Rumours of the death of human usefulness at the hands of artificial intelligence have been greatly exaggerated, especially in adland.
In fact, it’s the reverse, says Lauren Barnett, Head of UK Sales at Samsung Ads, who insists the rapid rise of the new technology still has its limitations, and will continue to be fuelled by human intention and purpose…
Lauren Barnett, Samsung Ads.
Artificial intelligence in programmatic advertising is nothing new. For years, unbelievably sophisticated ML (machine learning) models have been trained on billions of data points each day to inform critical revenue decisions.
But today, AI is dominating the conversation around achieving a much broader level of efficiency across digital advertising – for example using agentic AI to streamline workflows or LLMs (large language models) to make sense of complex reports.
But alongside the hype comes anxiety: that AI will replace the human touch and that creativity will be lost. In fact, the reality sits somewhere between the two extremes.
AI is here to stay, and yes, it’s transforming workflows. But it’s not making revenue and marketing teams redundant. And as I mentioned recently on a panel at MAD//Fest, that’s because AI is only as effective as the human intention behind it.
So how is the adtech world, and particularly Connected TV (CTV) – balancing AI with the human element? And what does a productive partnership between the two actually look like?
Moving beyond scale to strategy: a lesson in precision
While AI can perform everyday tasks at scale, it’s important to remember that when it makes mistakes, those will also often be at scale.
As my co-panelist James Macdonald from Limelight Inc pointed out, “if you’re just a degree off with your AI, the outcomes will be 10 degrees off – it will have a massive impact”.
So it’s really human intention and supervision that ensure AI is deployed in a useful way, rather than high-volume outreach with little targeting finesse.
Take recruitment as an example – how often do we receive completely irrelevant job opportunities based on out-of-date or inaccurate information?
I still receive openings for casual bar work a number of years after leaving university, due to recruitment agencies playing the numbers game and using automation tools to flood the workforce – or half the LinkedIn population.
This is automation at its laziest – prioritising scale over strategy – and it happens in advertising too.

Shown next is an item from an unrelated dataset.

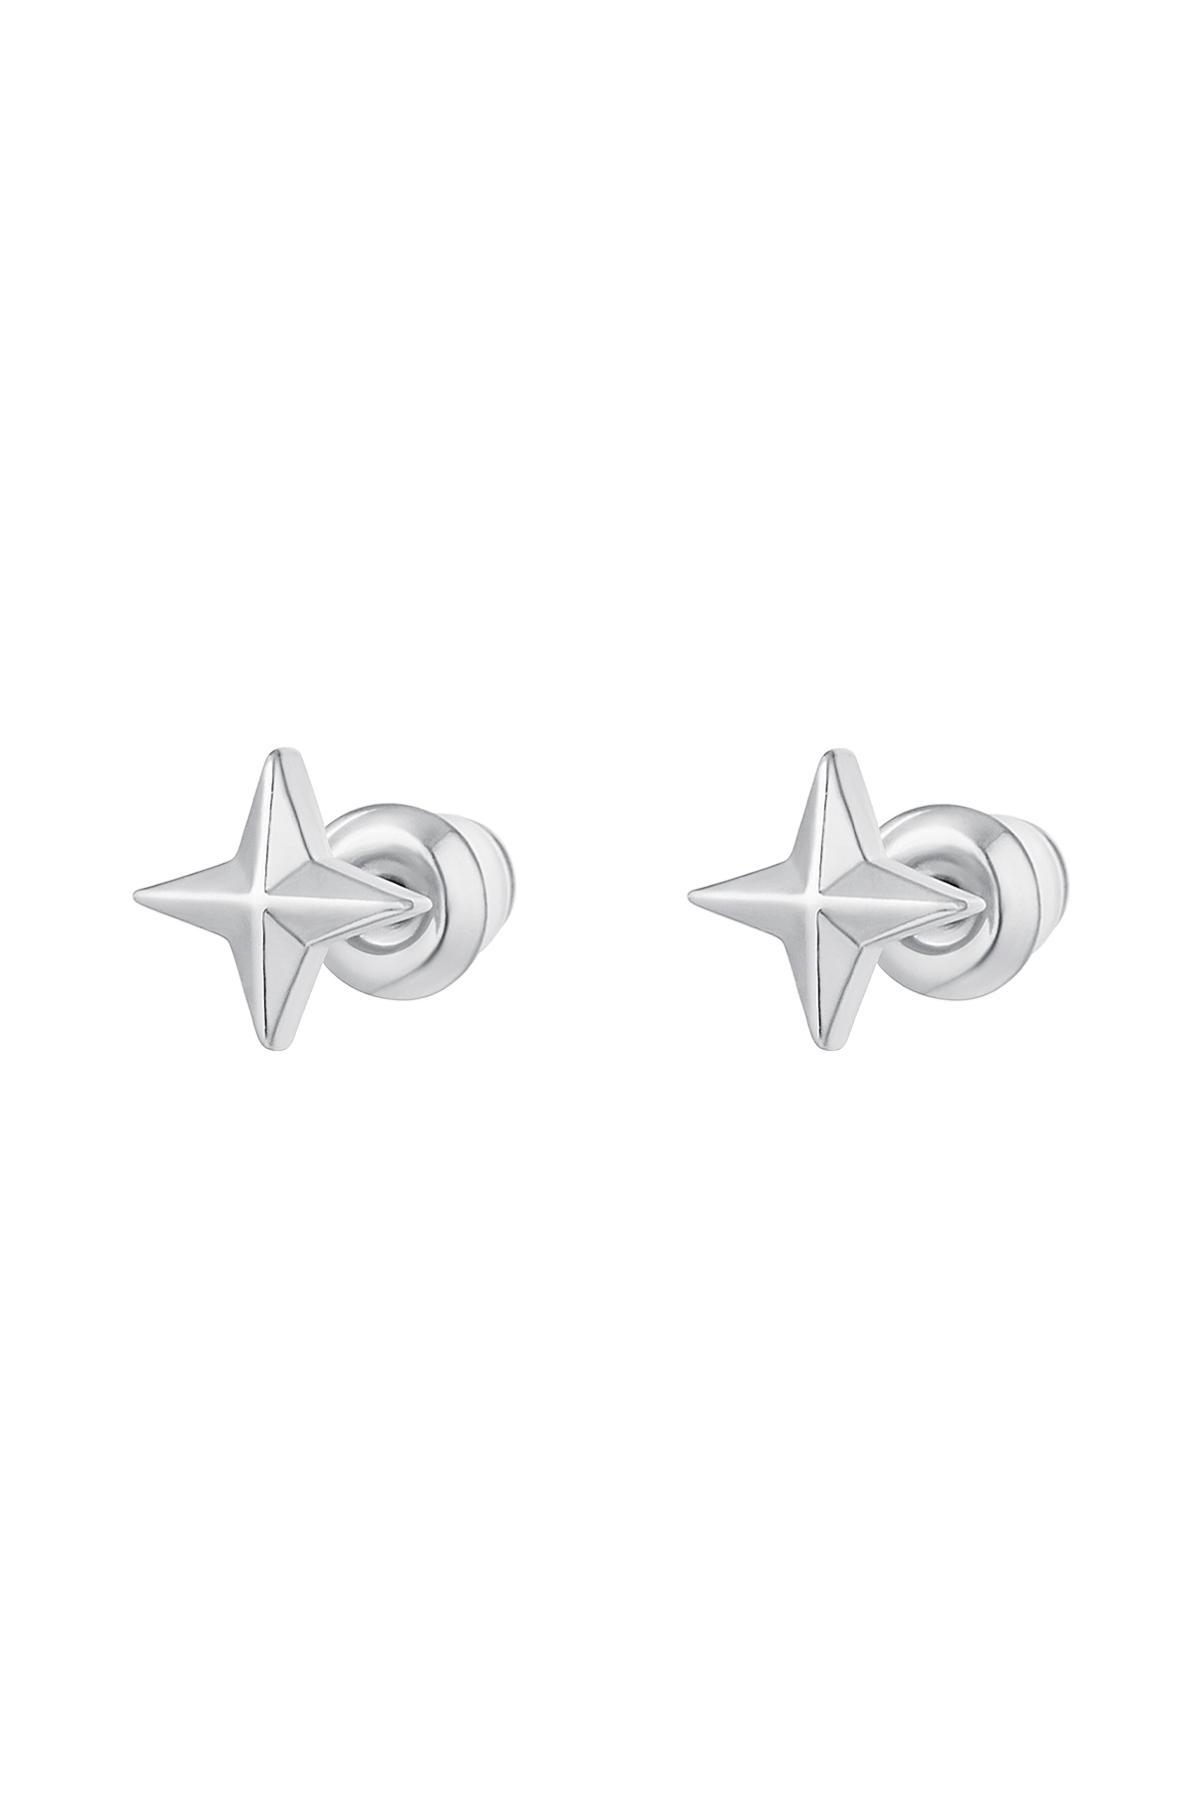 Ohrstecker Stern - Kollektion Sparkle Silber Kupfer

If automation is deployed without human input or oversight, it essentially generates advertising spam.
As MarTech aptly put it: “while automation enables volume, it cannot replace strategic design or nuanced messaging.”
This is especially important in programmatic CTV. Without human guidance, AI can churn out generic placements at scale, but it will miss the contextual, behavioural, and emotional cues that actually drive viewer engagement.

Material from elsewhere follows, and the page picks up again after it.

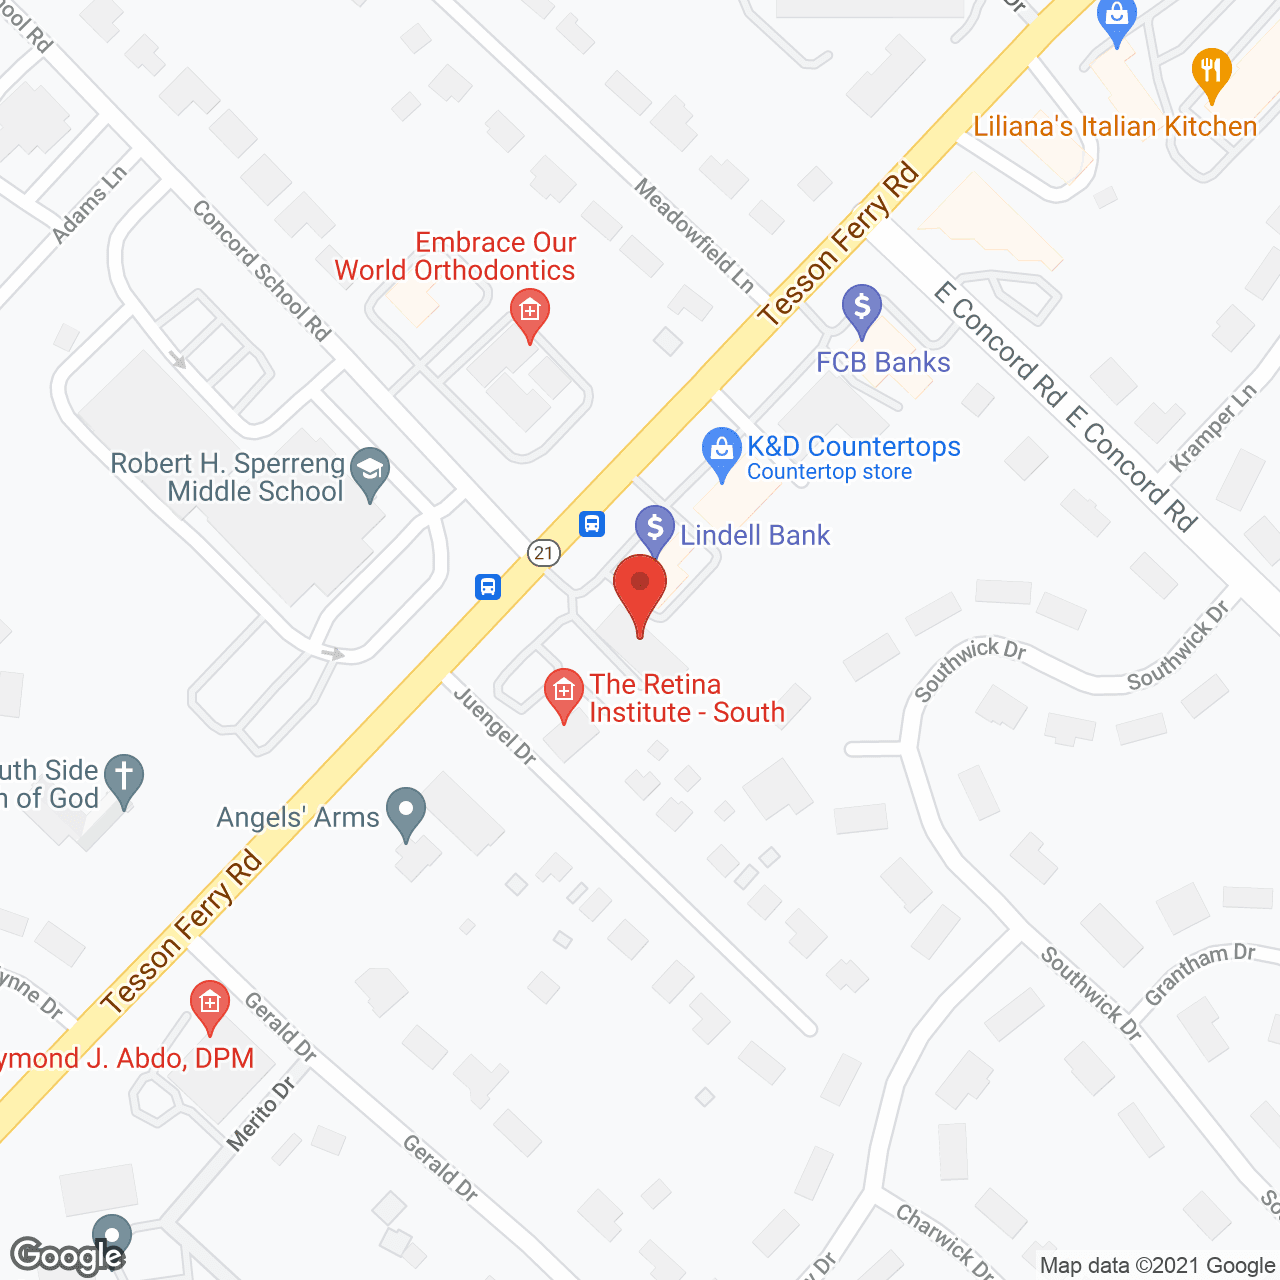 BAYADA Home Health Care - Saint Louis in google map

Finding the AI sweet spot in advertising
The CTV-first model gives us a unique lens into how people discover content – and brands – on the biggest screen in the house.
For many viewers, the TV interface is now a discovery engine, with 37% of viewers expecting it to suggest content that aligns with their interests.
At the same time, we often see brands coming to us with a very clear set of target audience demographics in mind. But that initial targeting only scratches the surface.
The real opportunity lies in uncovering adjacent or unexpected audiences with similar behavioural patterns or content affinities – something only possible through sophisticated AI models fed by rich, cross-device data.
The ability to overlay vast ACR-based (Automatic Content Recognition) CTV data with mobile insights opens up new high-potential audience segments that human media planning teams may not have identified.
For example, when one content partner asked us to build lookalike models based on users who had previously clicked through, they saw a 58% increase in app open rates and a 13% drop in cost per acquisition.
That’s the AI advantage: scalable personalisation that drives real-world outcomes.
But even these results didn’t happen by letting the machine run wild. They came from careful calibration of AI tools by media strategists who understood what the client needed and where the untapped value lay.
Fuelling AI with human intention
Technology can tell us what audiences are doing and when, but it can’t fully explain why. That’s still the domain of human insight.
Advertising, and especially CTV, thrives when it taps into cultural relevance and shared emotion.
Just look at Glastonbury. Every year, hundreds of thousands gather for a shared live experience that feels personal, even magical.
Alongside this, every screen we looked at over that weekend showed that desire for human connection hasn’t changed.
If anything, it has intensified, and CTV is uniquely positioned to deliver those shared, high-impact moments in a personalised way – it provides the perfect backdrop for brands to understand what makes people tick, and to tap into human emotions in order to attract and retain their audiences.
But it requires storytelling rooted in empathy, not just data. So while AI can help identify the right time, place, and audience for an ad, the message still needs to feel crafted, with intention, creativity, and a deep understanding of human motivation.
Those are things no algorithm can replicate.
When AI is directed by smart strategic thinking, it becomes an engine for discovery, relevance, and performance. It doesn’t replace the marketer; it amplifies what they do best.
So yes, AI is a powerful tool. But it is human purpose and insight that should always fuel the system.